[RECORDED INFORMATION — start]

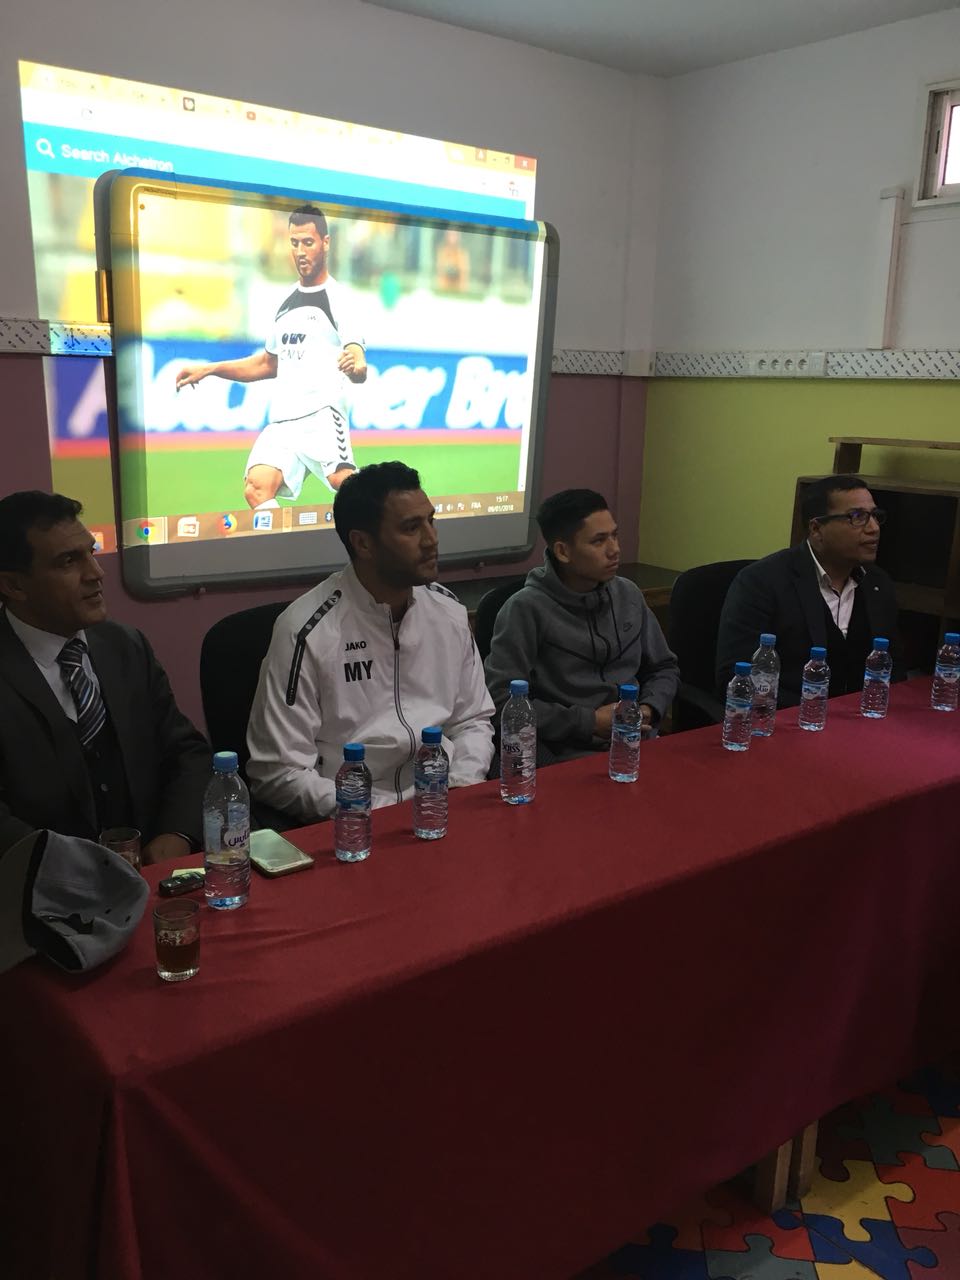 اللاعب الدولي السابق يوسف المختاري يُعرف بالمؤهلات السياحية لجهات المغرب عبر أكاديميته لكرة القدم
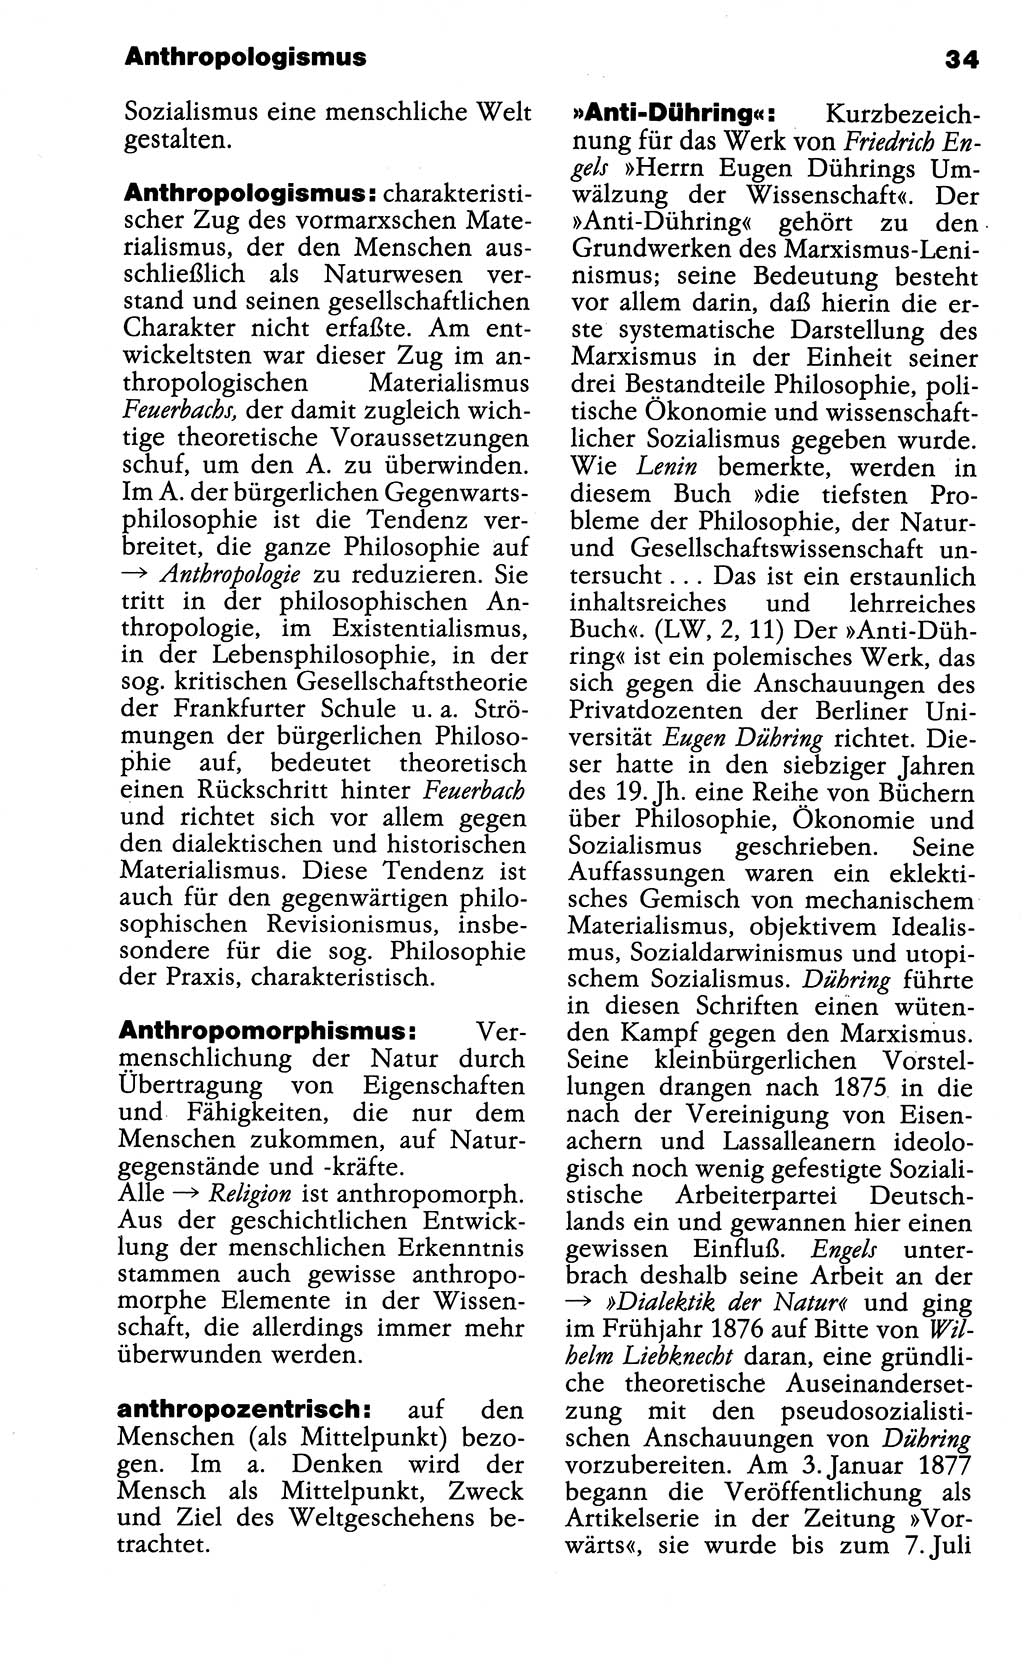 Wörterbuch der marxistisch-leninistischen Philosophie [Deutsche Demokratische Republik (DDR)] 1985, Seite 34 (Wb. ML Phil. DDR 1985, S. 34)
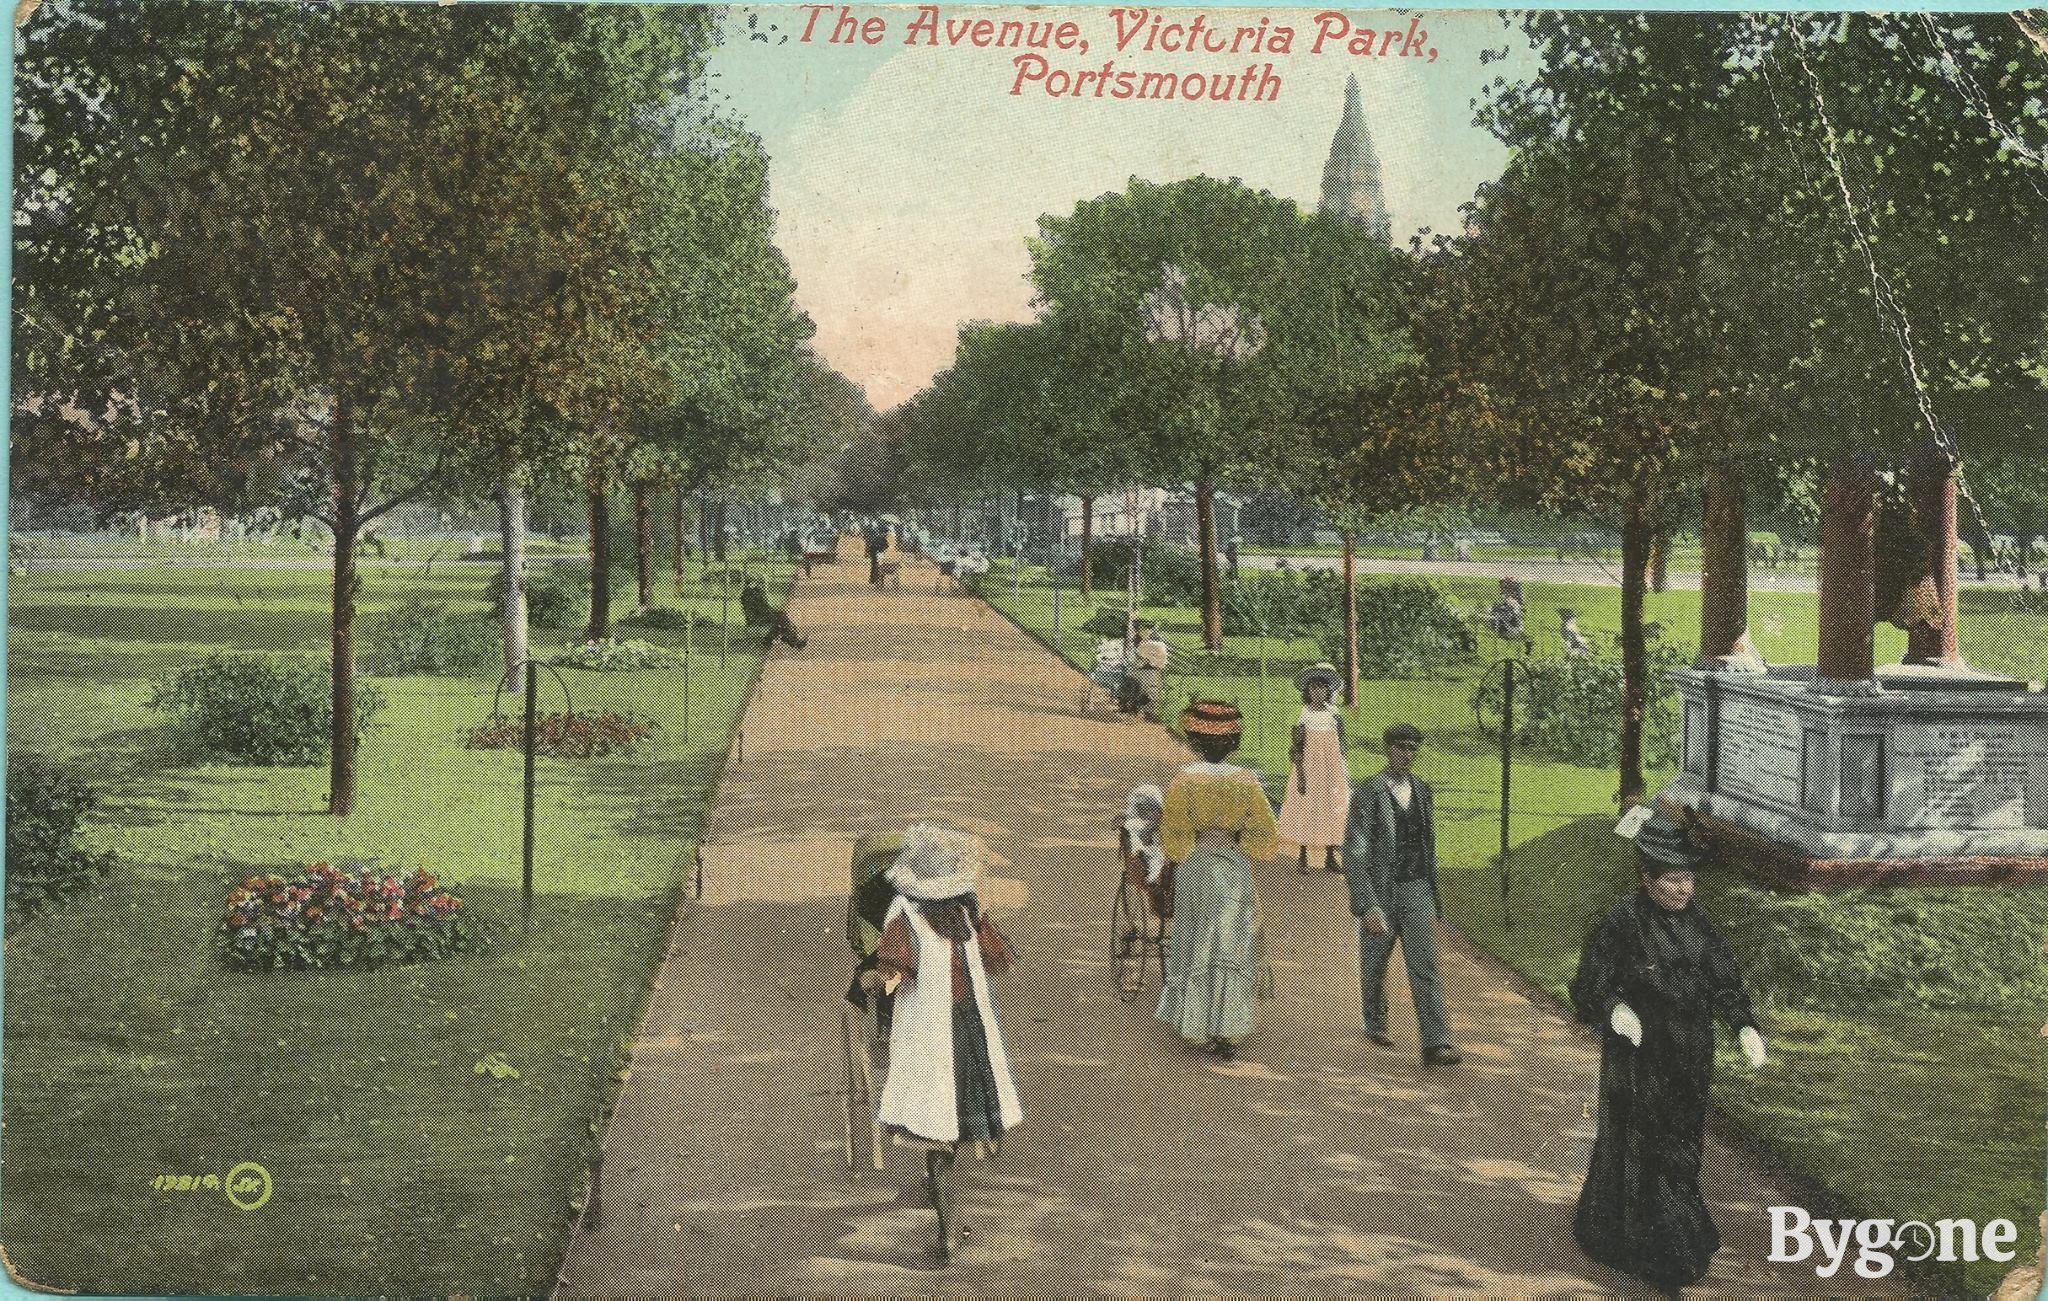 The Avenue, Victoria Park, 1908

[RECORDED INFORMATION — finish]

• ASSIGNMENT:
All that is needed here is the run of lines from the one containing "Wörterbuch der marxistisch-leninistischen" through the end of the material above, reproduced exactly and without pictures.

• RESULT BELOW:
 Wörterbuch der marxistisch-leninistischen Philosophie [Deutsche Demokratische Republik (DDR)] 1985, Seite 34 (Wb. ML Phil. DDR 1985, S. 34)
 The Avenue, Victoria Park, 1908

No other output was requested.